The primary aim of this
book is to explain the remarkable rule which regulated
the succession to the priesthood of Diana at Aricia.
When I first set myself to solve the problem more
than thirty years ago, I thought that the solution
could be propounded very briefly, but I soon found
that to render it probable or even intelligible it
was necessary to discuss certain more general questions,
some of which had hardly been broached before.
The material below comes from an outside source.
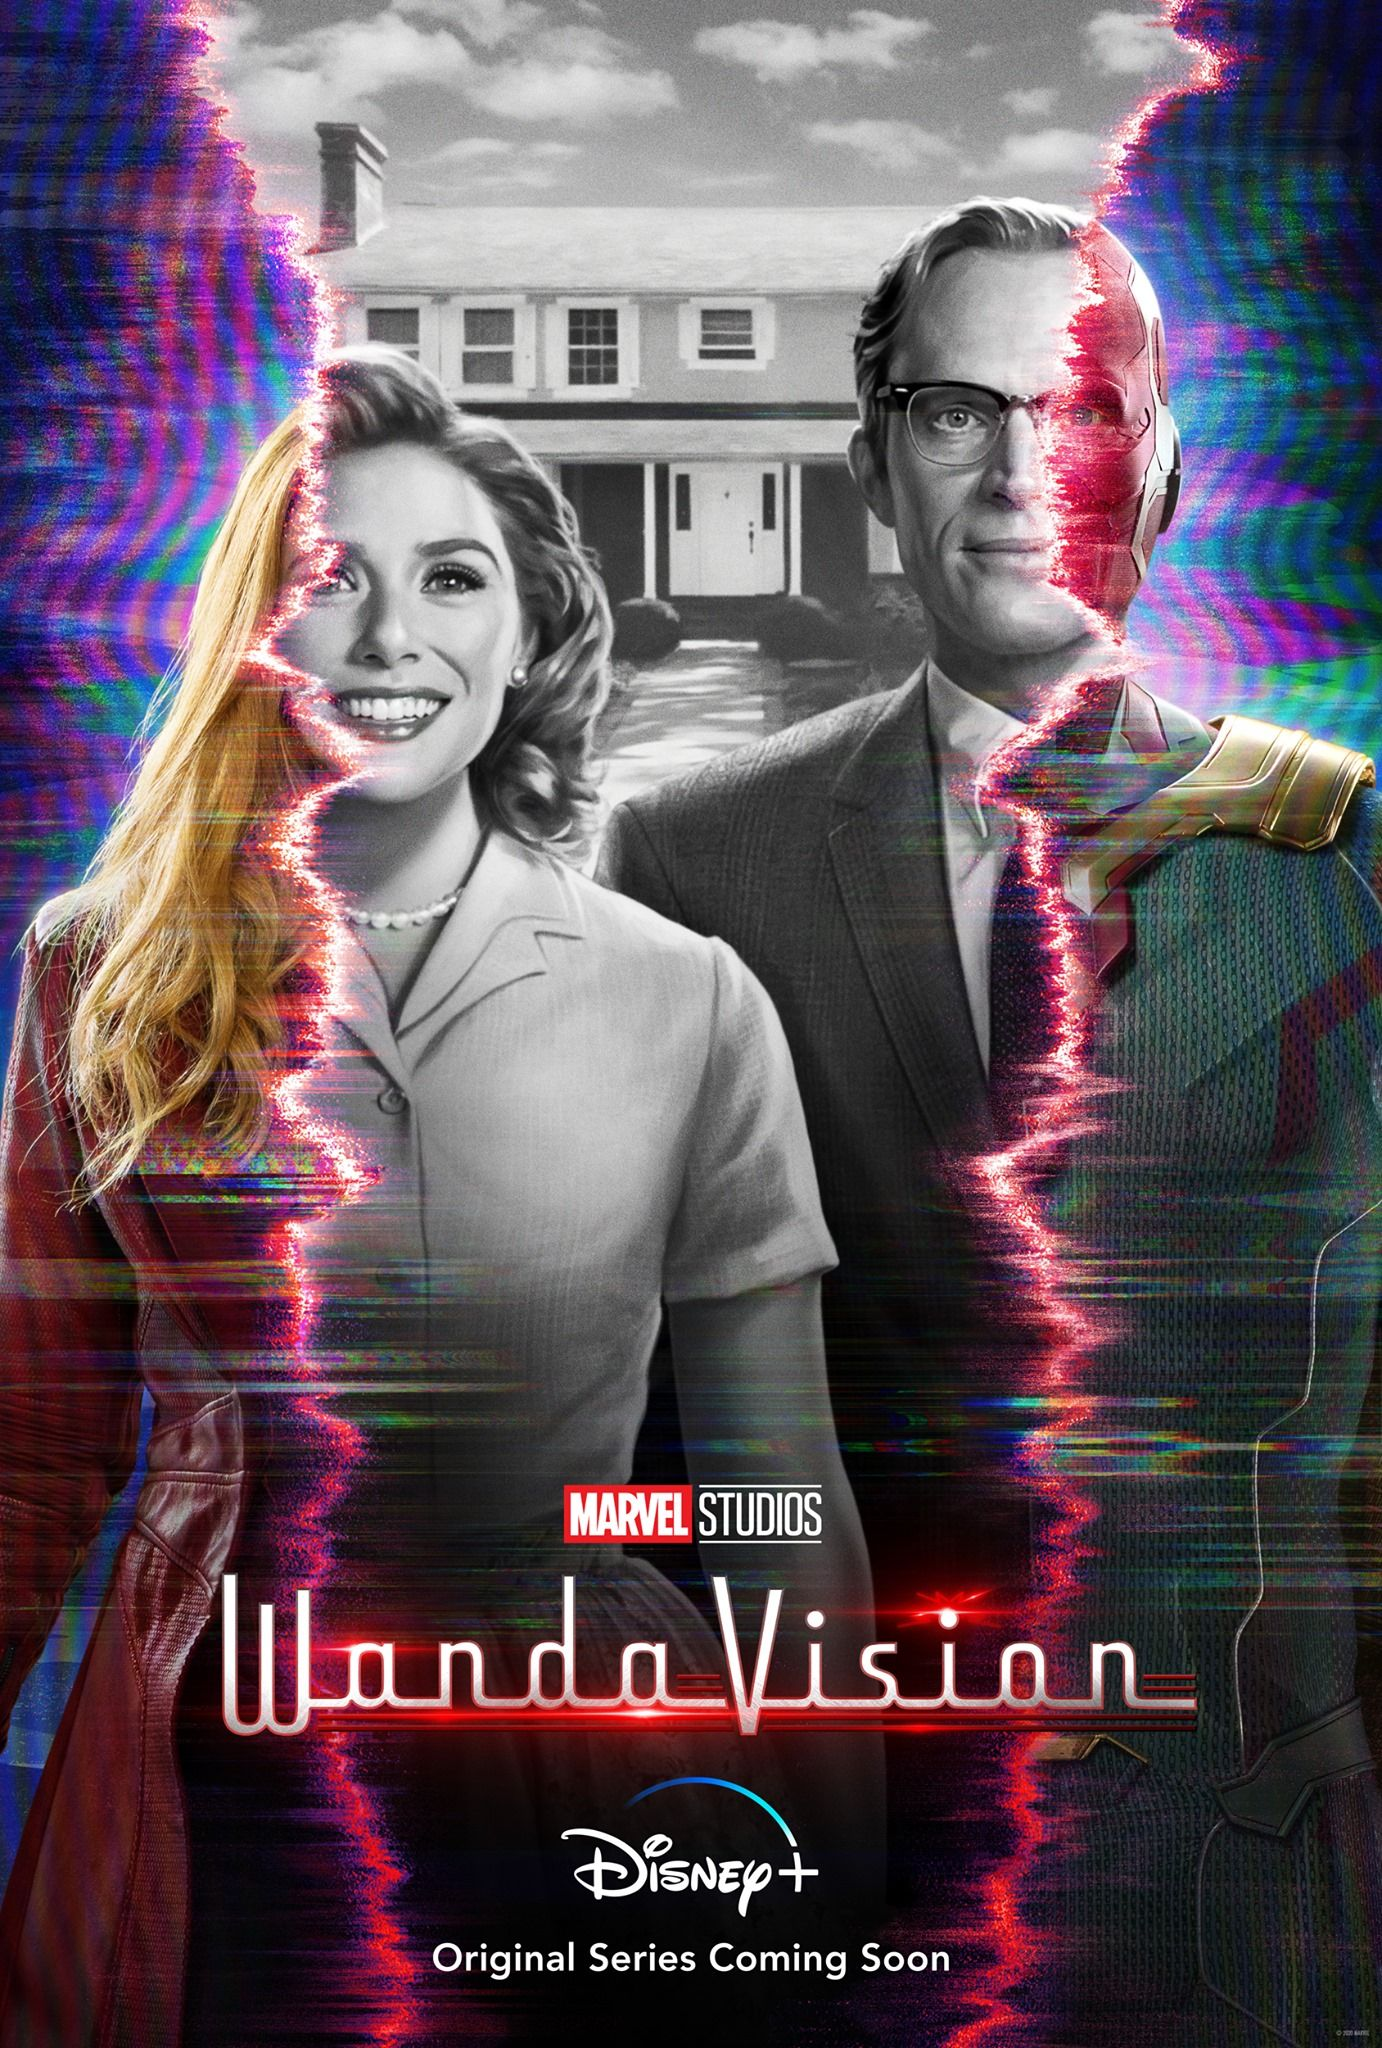 Prvý trailer pre seriál WandaVision spája Scarlet Witch a Visiona v mindfuckovom cestovaní časom a dimenziami

In successive editions the discussion of these and
kindred topics has occupied more and more space, the
enquiry has branched out in more and more directions,
until the two volumes of the original work have expanded
into twelve. Meantime a wish has often been expressed
that the book should be issued in a more compendious
form. This abridgment is an attempt to meet the
wish and thereby to bring the work within the range
of a wider circle of readers. While the bulk of
the book has been greatly reduced, I have endeavoured
to retain its leading principles, together with an
amount of evidence sufficient to illustrate them clearly.
The language of the original has also for the most
part been preserved, though here and there the exposition
has been somewhat condensed. In order to keep
as much of the text as possible I have sacrificed
all the notes, and with them all exact references
to my authorities. Readers who desire to ascertain
the source of any particular statement must therefore
consult the larger work, which is fully documented
and provided with a complete bibliography.
In the abridgment I have neither added
new matter nor altered the views expressed in the
last edition; for the evidence which has come to my
knowledge in the meantime has on the whole served either
to confirm my former conclusions or to furnish fresh
illustrations of old principles. Thus, for example,
on the crucial question of the practice of putting
kings to death either at the end of a fixed period
or whenever their health and strength began to fail,
the body of evidence which points to the wide prevalence
of such a custom has been considerably augmented in
the interval. A striking instance of a limited
monarchy of this sort is furnished by the powerful
mediaeval kingdom of the Khazars in Southern Russia,
where the kings were liable to be put to death either
on the expiry of a set term or whenever some public
calamity, such as drought, dearth, or defeat in war,
seemed to indicate a failure of their natural powers.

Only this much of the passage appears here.